At the recently concluded WWDC2026, LM Studio and Apple delivered a remarkable technical demonstration—successfully running Moonshot's 10-trillion parameter large model, Kimi K2.6, using only four Mac Studios in a cluster. This achievement shattered the conventional belief that "trillion-parameter models must rely on cloud GPU clusters," making it a reality for consumer-grade hardware to support cutting-edge AI computing power.
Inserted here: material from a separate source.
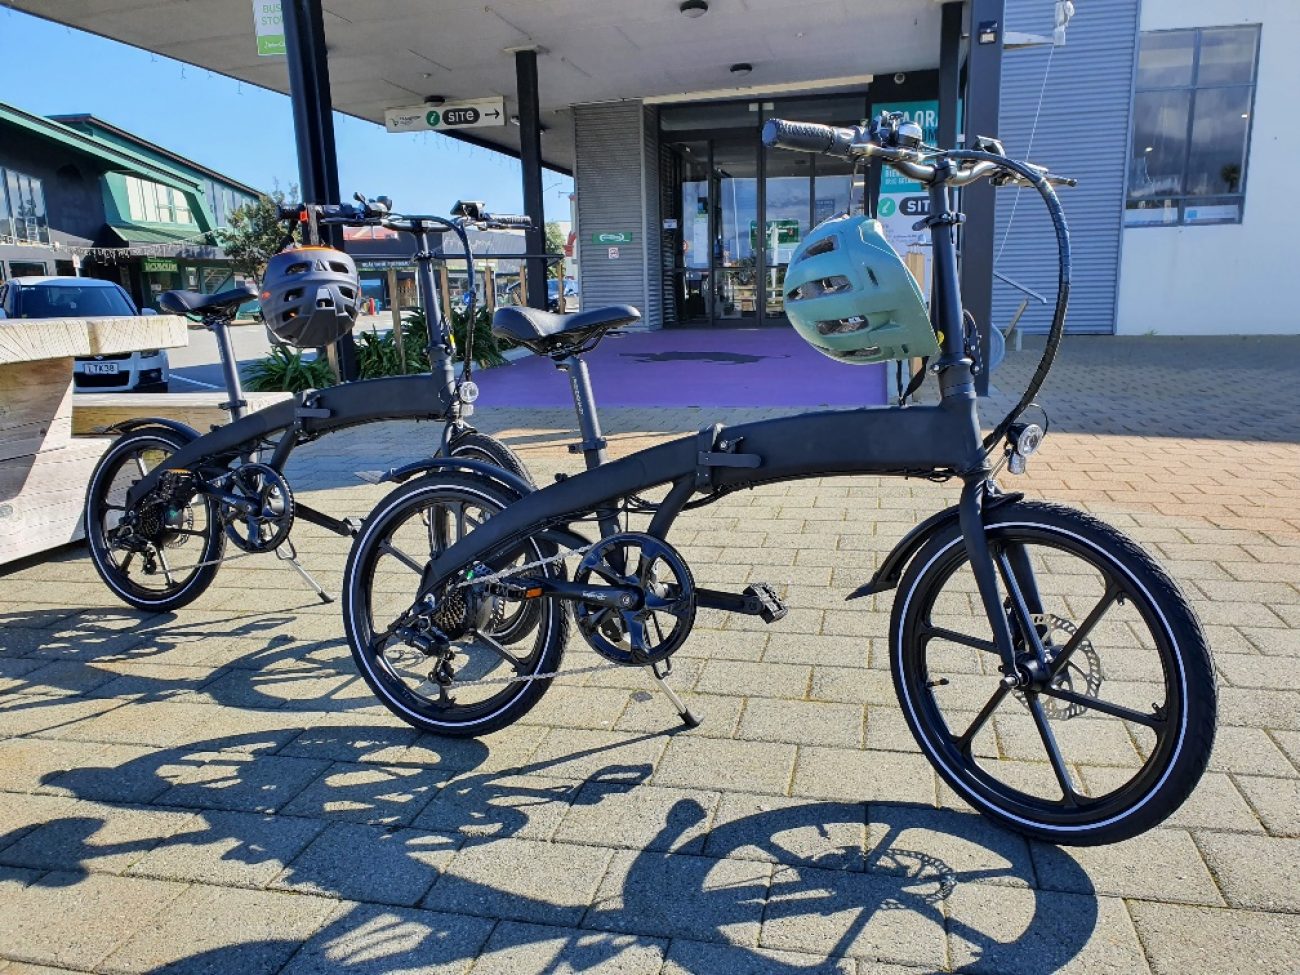 New Toyota e-bikes for Council

Kimi K2.6 has a total parameter scale of 1 trillion, using a MoE architecture with 32 billion activated parameters. It supports long context, multimodal input, and agent task processing. During this demonstration, four Mac Studios were connected through Apple's memory sharing and interconnection technologies to form a cluster, with a total unified memory of approximately 1.5TB, sufficient to meet the inference requirements of this massive model. Previous developer tests showed that under similar configurations, Kimi K2.6 could achieve a generation speed of about 28 tokens/s, while consuming far less power than traditional GPU solutions.

Connecting directly from iPhone to local cluster, data never leaves the premises

More notably, the demonstration also showcased LM Studio's LM Link remote access feature. Users can securely remotely connect to the Mac Studio cluster from their MacBook Neo laptop or iPhone, interact in real-time with the running model, and all data and communication are processed locally without going through the cloud.

LM Link has been updated into LM Studio's Mac application and Locally AI's iOS application, supporting end-to-end encrypted connections. This design allows users to access cluster-level AI computing power at any time, even with lightweight devices, without worrying about privacy leaks. Combined with Apple's Thunderbolt 5 RDMA and other multi-device memory sharing technologies, the entire ecosystem is rapidly forming a closed-loop in AI local deployment.

This collaboration sends a clear signal: deploying trillion-parameter large models locally is no longer an unreachable lab concept but is becoming an engineering reality on developers' desks. As Apple's hardware connectivity continues to evolve, the boundaries of consumer devices carrying large-scale AI inference are expected to be further expanded.